• [Work to complete]:
Among the entries below, please repeat exactly and only the lines from the line containing "Ferielejlighed til 4 personer ved Fanø" to the line containing "Snowman wallpaper photo hd", both lines included.

• [The records]:
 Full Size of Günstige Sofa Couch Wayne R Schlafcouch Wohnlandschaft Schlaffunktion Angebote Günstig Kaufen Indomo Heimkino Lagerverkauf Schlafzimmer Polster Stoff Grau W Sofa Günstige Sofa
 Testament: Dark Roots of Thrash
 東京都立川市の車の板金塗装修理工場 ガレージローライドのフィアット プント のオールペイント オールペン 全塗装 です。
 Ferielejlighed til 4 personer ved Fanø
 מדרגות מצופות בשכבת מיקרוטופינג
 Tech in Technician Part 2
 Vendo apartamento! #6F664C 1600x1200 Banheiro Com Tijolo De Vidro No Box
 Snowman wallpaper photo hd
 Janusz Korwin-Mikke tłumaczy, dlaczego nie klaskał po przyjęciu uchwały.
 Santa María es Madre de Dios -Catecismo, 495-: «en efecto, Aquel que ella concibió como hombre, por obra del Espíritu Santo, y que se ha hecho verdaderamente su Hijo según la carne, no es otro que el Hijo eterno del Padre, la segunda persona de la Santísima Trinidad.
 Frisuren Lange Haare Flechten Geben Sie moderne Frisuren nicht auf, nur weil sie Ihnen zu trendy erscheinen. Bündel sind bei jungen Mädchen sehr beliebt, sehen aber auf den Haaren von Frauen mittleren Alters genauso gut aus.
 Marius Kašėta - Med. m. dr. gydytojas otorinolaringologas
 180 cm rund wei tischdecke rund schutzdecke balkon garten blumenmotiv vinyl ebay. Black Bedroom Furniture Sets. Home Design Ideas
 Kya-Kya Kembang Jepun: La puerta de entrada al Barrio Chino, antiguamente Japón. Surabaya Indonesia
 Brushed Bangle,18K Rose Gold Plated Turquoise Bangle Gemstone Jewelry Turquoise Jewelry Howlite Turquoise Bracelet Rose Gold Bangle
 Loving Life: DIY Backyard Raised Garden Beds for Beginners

• [Solution for this exercise]:
 Ferielejlighed til 4 personer ved Fanø
 מדרגות מצופות בשכבת מיקרוטופינג
 Tech in Technician Part 2
 Vendo apartamento! #6F664C 1600x1200 Banheiro Com Tijolo De Vidro No Box
 Snowman wallpaper photo hd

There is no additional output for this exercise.